Public interest is much harder to argue in higher education. There are many applications of academic scholarship and teaching that create obvious benefits to society, as recently highlighted by Bill Rammell, vice-chancellor at Bedfordshire. But, at its core, the purpose of academic research lies in the intrinsic value of knowledge. By definition, the societal benefits that arise from this are speculative and, in many instances, may accrue only for subsequent generations.
Nonetheless, it is entirely possible to define the public value of higher education in ways that recognise this. An analogy from the BBC is its investment in current affairs. Few viewers watch a programme such as Panorama very regularly, if at all, but they understand its value to the public sphere and are content for their licence fees to fund it.
The BBC used its public value narrative ten years ago to secure an advantageous new charter. Although its financial position has declined since, the corporation has still been remarkably effective in the latest charter negotiations. Its purposes remain recognised and it has gained a predictable income stream of compulsory licence fee funding for another decade.
When this previous charter was developed, public value analysis secured a framework for the BBC to set the foundations for the current era of broadcasting, characterised by on-demand viewing by iPlayer and HDTV. Insofar as the BBC has lost its way, it could be argued that this is because it has strayed from the thinking of public purposes.
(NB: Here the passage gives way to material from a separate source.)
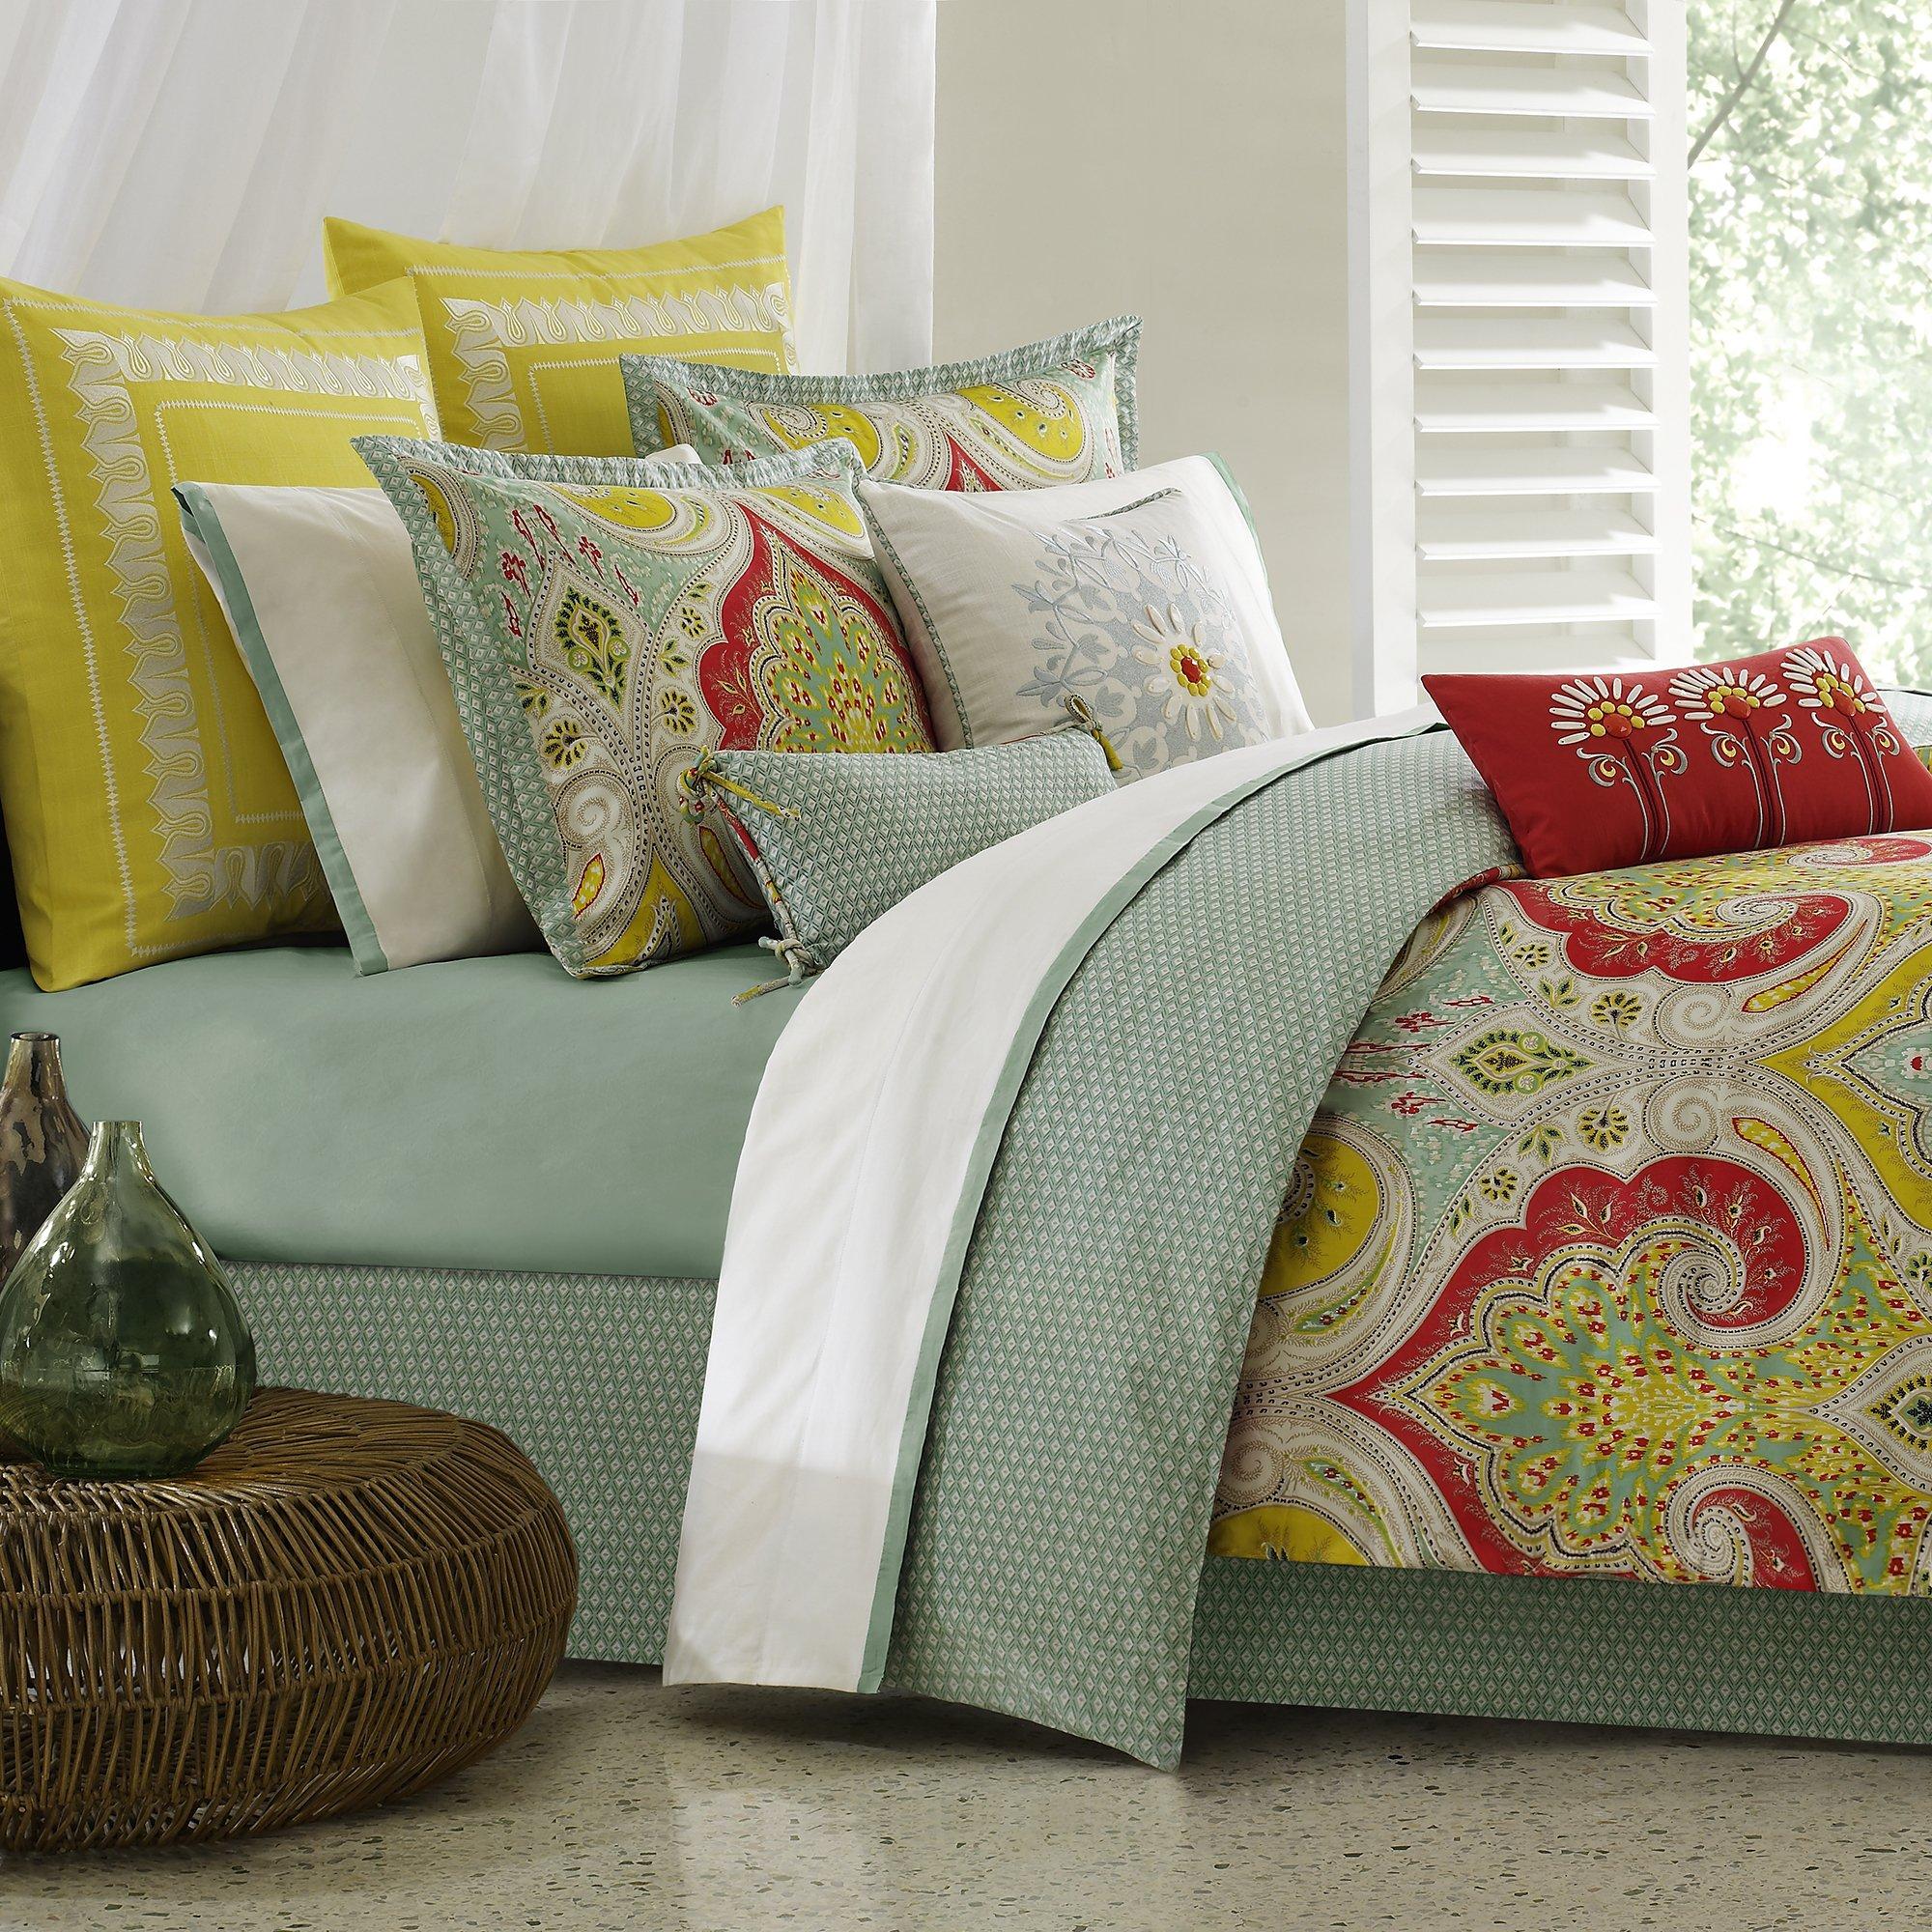 Echo Design Jaipur Comforter Set Queen Size - Aqua, Yellow, Red, Bohemian Paisley Damask – 4 Piece Bed Sets – 100% Cotton Teen Bedding For Girls Bedroom

More attention by management to the public purposes would have clarified the BBC’s interest in broadcasting its findings about Jimmy Saville. Its purpose to inform citizenship might have encouraged it to take a more robust view of its independence and impartiality in the EU referendum campaign, with more testing on behalf of audiences of conflicting and sometimes untrue claims. There are prescient lessons here for universities.
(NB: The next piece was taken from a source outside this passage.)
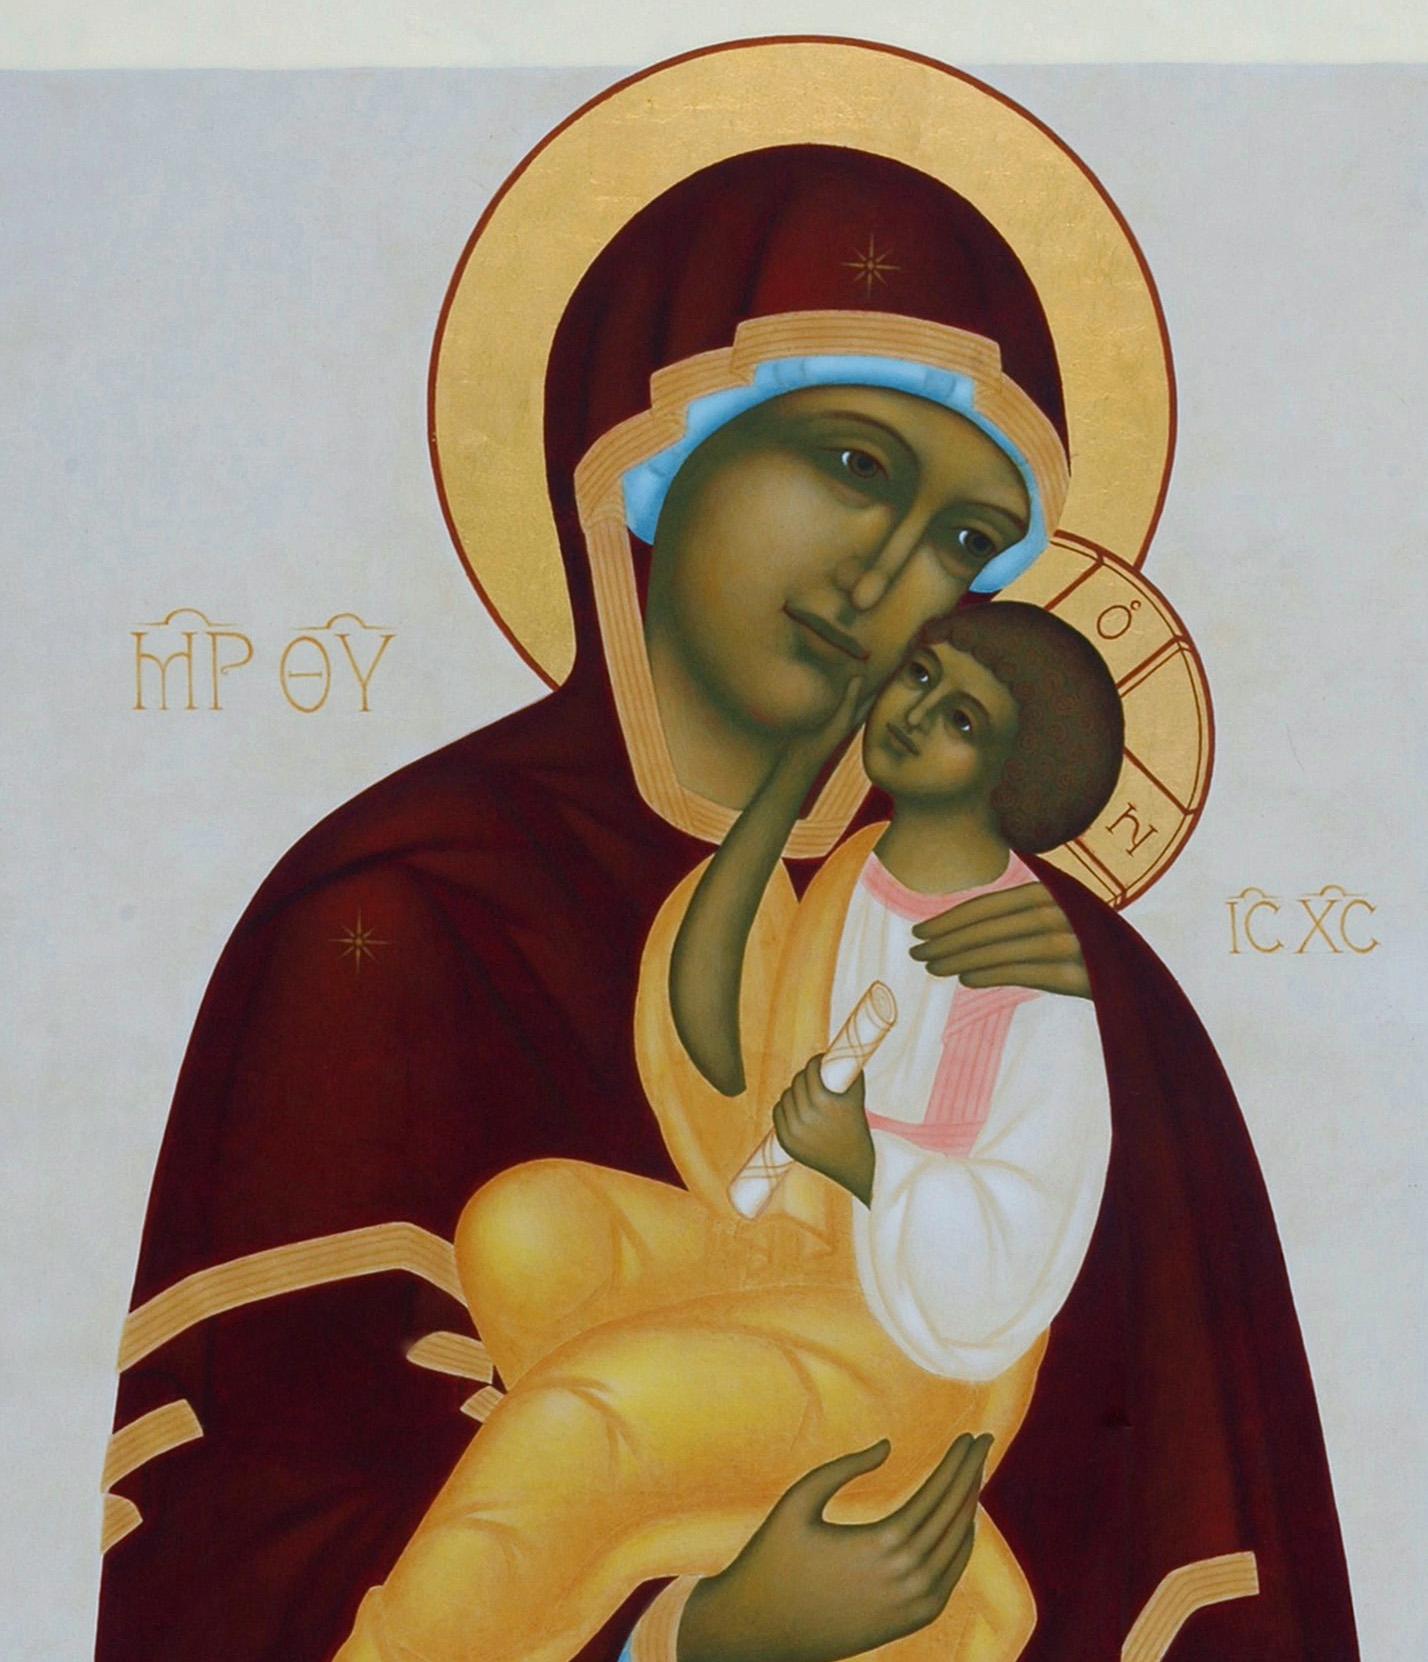 2. Ömhetens Gudsmoder. 2006. 53,5 x 42 cm. Foto Bo Wiberg kopia

On the face of it, the higher education sector is in a weaker position than the BBC. It has to overcome the disadvantage of its fragmentation to present a robust voice to policy makers and the wider public. Compared with other sectors, it has enjoyed a good financial settlement through austerity – but at what cost? The marketisation and commodification of education and research have proved an anathema to many working the sector.
As universities contemplate the gulf between themselves and the public that Brexit has revealed, public value thinking could help them get closer to their communities and articulate purposes that the public would get behind. This in turn could help diffuse tension between academics and managers, if managerialism were mobilised in the service of a project that academics might find more inspiring. Clarity of purpose would allow for greater differentiation between universities – research-intensives, balanced, teaching-focussed – and, more importantly, provide a more robust foundation for dealing with government and the new regulator, the OfS, as we enter the Brexit-era.